Classification Types

I. Introduction

A new enhanced feature called the classification type (CT) is a proposed addition to the Lexicon to impove the performance of NLP applications that use the Lexicon. These classification types can be archaic, source, informal, or other.

  • Terms classified as archaic, such as cozen, colde and benight, are considered no longer in common use in modern corpora (such as MEDLINE).
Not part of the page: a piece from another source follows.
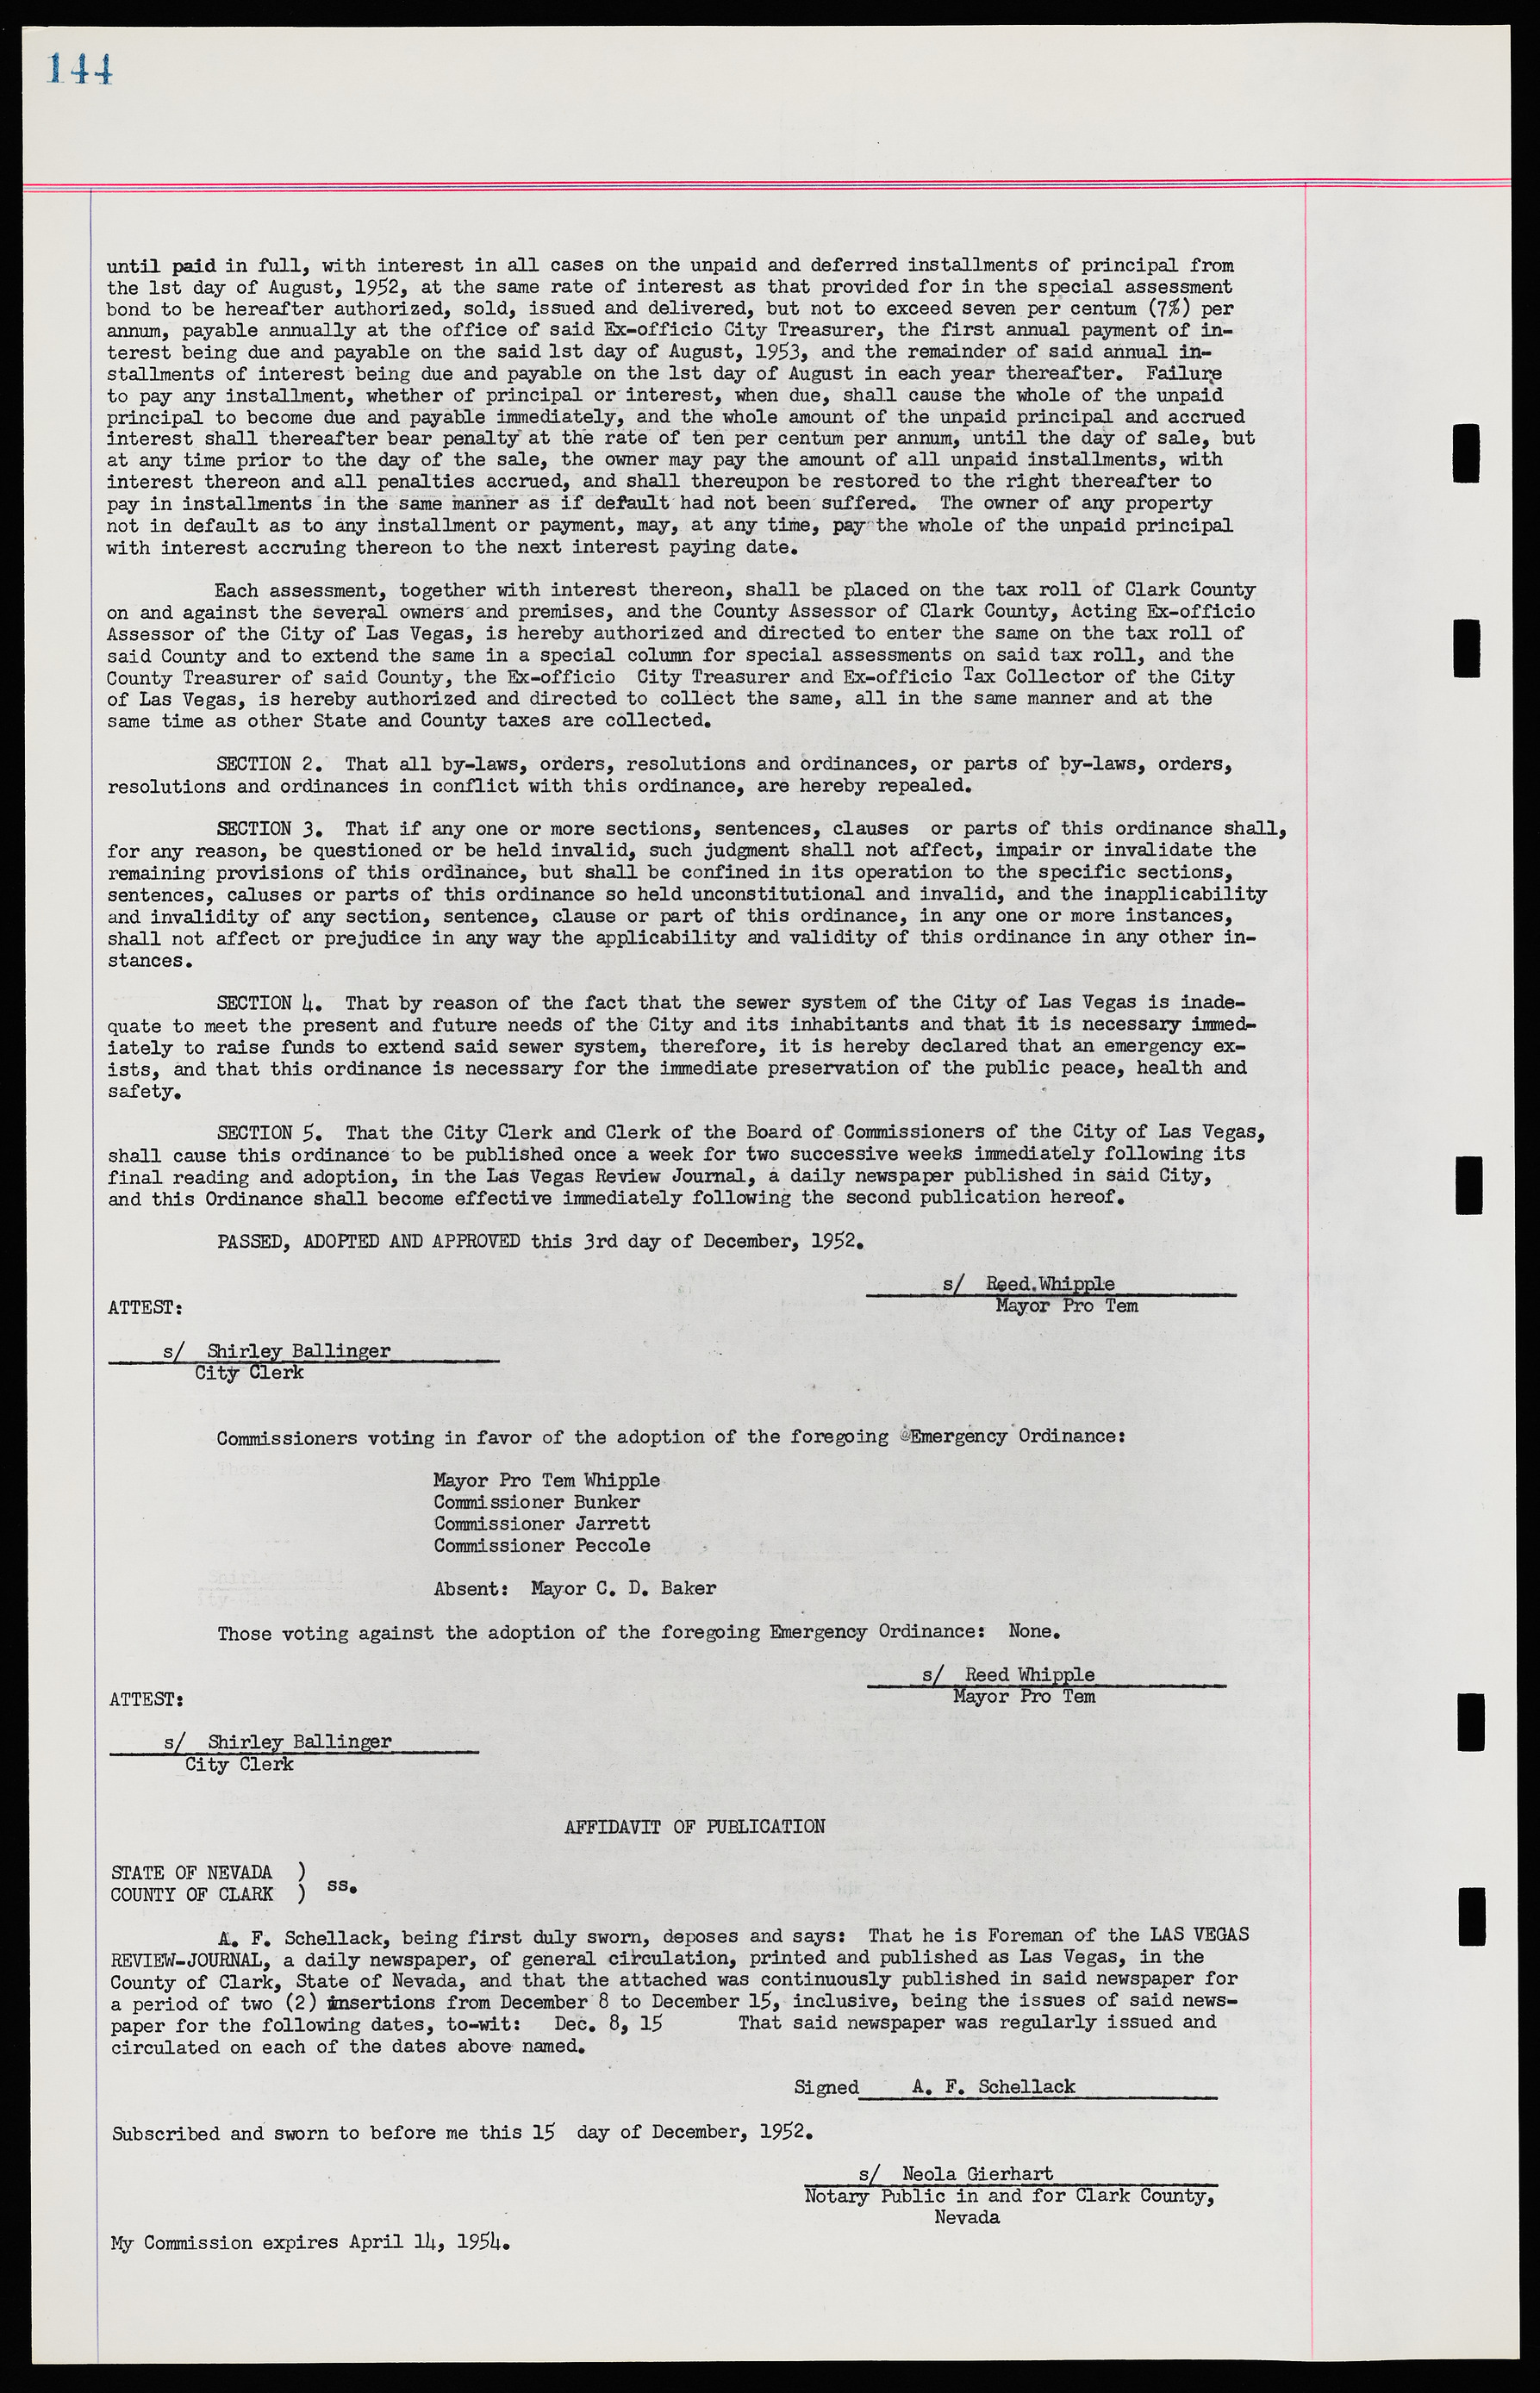 Las Vegas City Ordinances, November 13, 1950 to August 6, 1958, lvc000015-152

These terms may have modern equivalents in the same lexical record (colde for cold) or in separate ones (ye for the). Archaic terms can be excluded when dealing with modern corpora.
  • normalization on spelling variants from foreign English into US English is needed if the source is from a foreign country. For example, British English (analyse, leukaemia, tumour) can be normalized to US English (analyze, leukemia, tumor). These terms are classified as source.
  • consumers often use informal language when they ask questions. For example, bomb for success, or grandpa for grandfather are used primarily in colloquial contexts. The performance of automated consumer question understanding could be improved if the Lexicon provides informal terms with their cross-referenced (CR) formal terms (synonyms). For example, grandpa (no concept found in UMLS) can be effectively mapped to grandfather (C0337475) with query expansion by substituting formal synonyms for their informal terms.

II. Design

III. Implementation

  • New records:
    Classification types are added to new lexical records during lexicon building by NLM linguists through a Web-based tool, LexBuild. New GUI components for adding CTs and the enhanced LexCheck software for validating syntax and contents of CTs are integrated in LexBuild.

  • Exisitng records:
    CT tagging on existing lexical records is also done through LexBuild.
    • class_type=unassigned is added to all existing records, and removed after it is tagged.
      • Backup (and remove suffix) all DB tables to ${LEX_BUILD}/data/DbTables/Tables.mmddyy
      • inject class_type=unassigned to DB Tables files
        • shell> cd ${LEX_BUILD}/Tools/LoadDb
        • shell> injectClassTypeUnassigned
          input directory: ${LEX_BUILD}/data/DbTables/Tables.mmddyy
          output directory: ${LEX_BUILD}/data/DbTables/Tables.mmddyy.ij
        • link Tables.mmddyy.ij to Tables
      • Load Tables files (class_type=unassigned) to DB
        • shell> DbScript
          6, 12 (drop tables, all)
          1, 12 (create tables, all)
          2, 12 (load tables, all)
    • Computer-aided features for retrieving records by specified patterns, like suffix, prefix, substring, category, EUI, etc. are implemented for systematic tagging.

  • Lexicon tables:
    Post-process programs are implemented to generate new Lexicon tables, including archaic terms, spelling variants with originated sources and informal terms with their formal synonyms, for the Lexicon annual release.